Associações em Humanidades Digitais: alguns exemplos

Quais são, onde estão, e como funcionam as “Associações em Humanidades Digitais” no mundo?

Essas perguntas movem uma pesquisa que estamos realizando, no âmbito da AHDig, como uma das primeiras medidas no sentido de dar forma e corpo à nossa recém-criada rede de pesquisas.

Aqui mostramos alguns resultados preliminares da nossa investigação – ressaltando, antes de tudo, que essas são  perguntas difíceis de serem respondidas, pois os agrupamentos formados em torno desse campo parecem tomar formas tão variadas quantas são as concepções em torno do próprio campo.

De um modo geral, vemos que as diversas Associações procuram aglutinar, definir e de alguma maneira “chancelar” as iniciativas em Humanidades Digitais, e podem tanto tomar a forma de sociedades científicas tradicionais como funcionar como redes virtuais sem existência jurídica ou formal.

Um grande impulso no sentido de um agrupamento global das associações em humanidades digitais foi a criação da ADHO, Alliance of Digital Humanities Organizations (ADHO), http://ahdo.org, organização que congrega as diversas iniciativas em Humanidades Digitais desde 2002. A ADHO lista as seguintes Associações como membros constitutivos:

A ADHO tem como linhas principais apoiar e guiar a formulação de projetos, abrigar periódicos e outras publicações e promover conferências e encontros científicos. A Aliança tem origem, de fato, já na primeira conferência chamada “Digital Humanities”, realizada em 1989, como uma ação conjunta da ACH e da ALLC. Desde 1990, a conferência tem sido realizada anualmente.

http://www.globaloutlookdh.orgAlém disso, a Aliança inclui alguns projetos e grupos de interesse especial, como o  Global Outlook::Digital Humanities (GO::DH), http://www.globaloutlookdh.org/, que se define como uma comunidade de interesses com o propósito de discutir e promover estratégias para derrubar as barreiras que dificultam a comunicação e a colaboração entre pesquisadores das humanidades digitais ao redor do mundo, em particular considerando as diferenças que separam projetos em países com economias mais e menos desenvolvidas.

A ADHO e suas associações constituintes – ACH, ALLC, CSDH/SCHN, aaDH, JADH, e mesmo o centerNet, funcionam como sociedades científicas em moldes tradicionais no que remete às formas de associação – ou seja, os membros de cada um desses grupos são sócios da iniciativa, pagando uma taxa anual que se converte em benefícios como descontos em conferências e assinaturas de periódicos, entre outros.

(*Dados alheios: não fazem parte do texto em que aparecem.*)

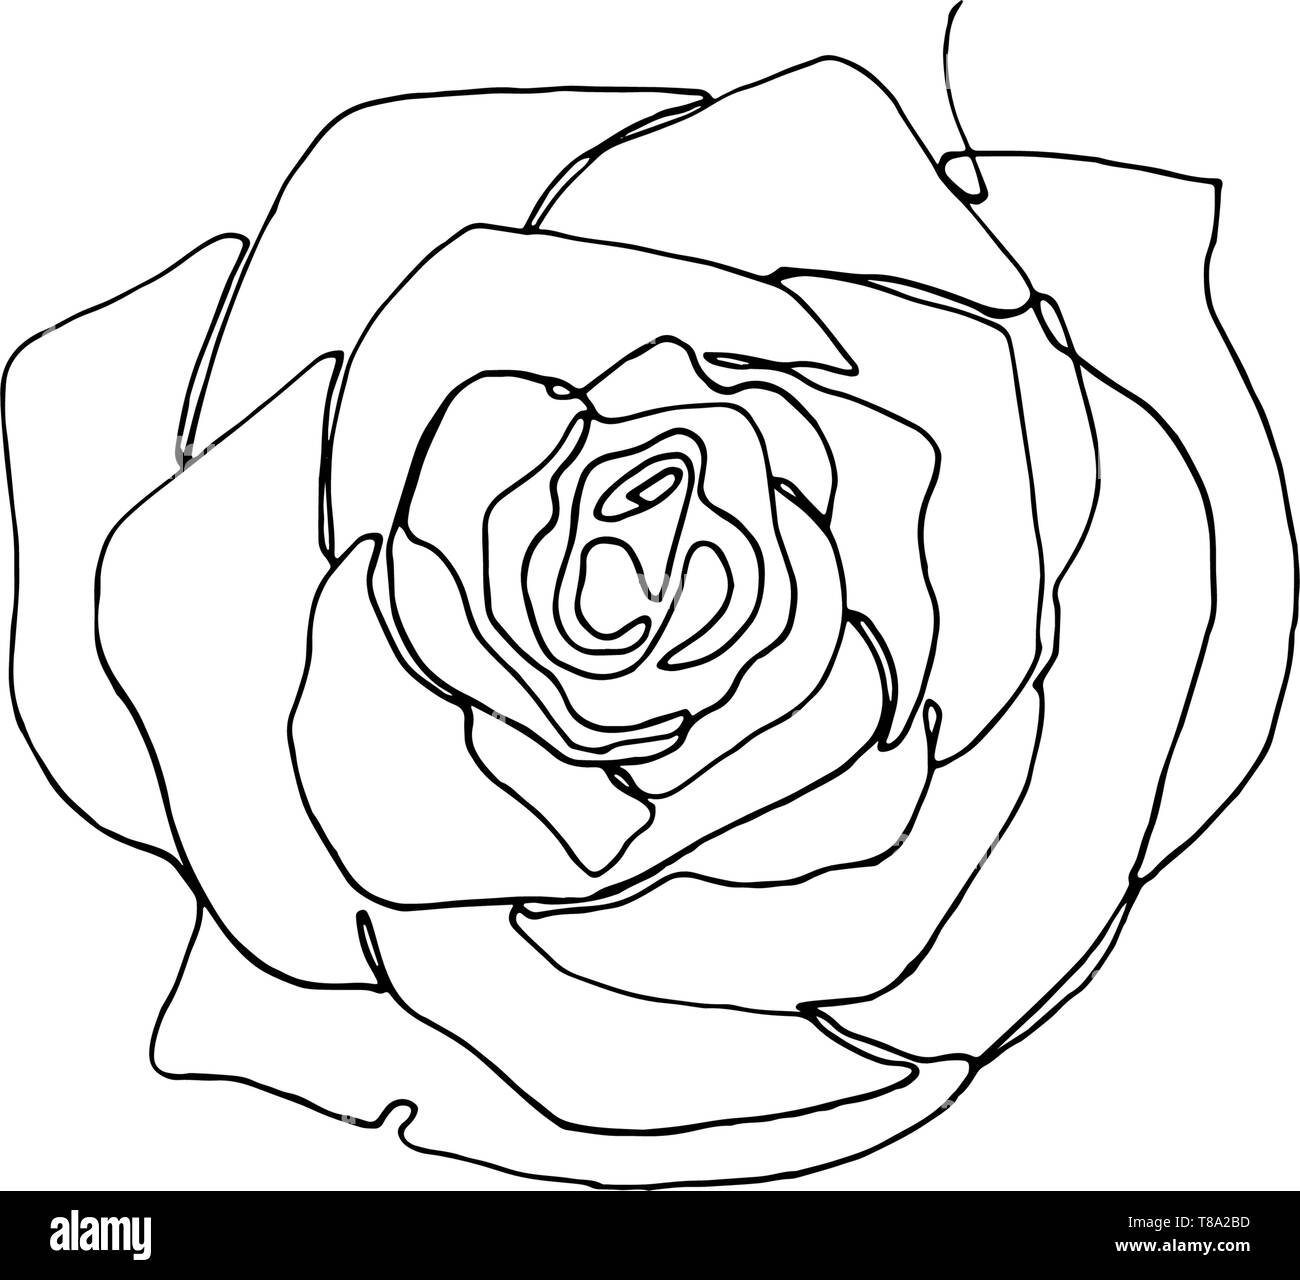 Hand drawn rose flower, one single continuous line drawing Stock ...

Os membros da ALLC e da ACH, por exemplo, são os assinantes do periódico Literary and Linguistic Computing (LLC), http://llc.oxfordjournals.org. Outras iniciativas – como o próprio GO::DH, que é parte da AHDO – funcionam como redes virtuais, sem uma política efetiva de sociedade; no caso do GO::DH, por exemplo, a particpação é efetivada pela assinatura de uma lista de discussão por emails.

A AHDO e suas constituintes são um bom exemplo de associações bem estabelecidas, algumas delas com mais de vinte anos de funcionamento – e que se definem por recortes regionais: há a associação europeia, a canadense, a asiática, etc. Não há, como se vê, uma associação regional definida na América do Sul.

Screenshot 2013-11-12 06.39.54Recentemente, entretanto, tem surgido associações regionais no nosso continente – é o caso da Asociación Argentina de las Humanidades Digitaleshttp://aahd.com.ar/, que está em processo de formação neste ano de 2013. Pela proximidade geográfica, cultural e mesmo “temporal” que une as duas iniciativas (já que os processos de formação estão se dando em períodos paralelos), a AHDig acompanha com grande interesse a formação da AAHD.

A AHDig  tem como particularidade não ser exatamente uma associação “regional”, visto que o recorte que escolhemos é o da língua, e não o do território – como explicamos na nossa Declaração de Fundação. Assim, entre nossos participantes há pesquisadores de Portugal e do Brasil, além de pesquisadores de outros países que se interessam pela pesquisa em língua portuguesa – esperamos, de fato, que essa diversidade “territorial” venha a se expandir ainda mais. Essa característica do recorte linguístico-cultural, mais que regional, certamente traz alguns desafios particulares.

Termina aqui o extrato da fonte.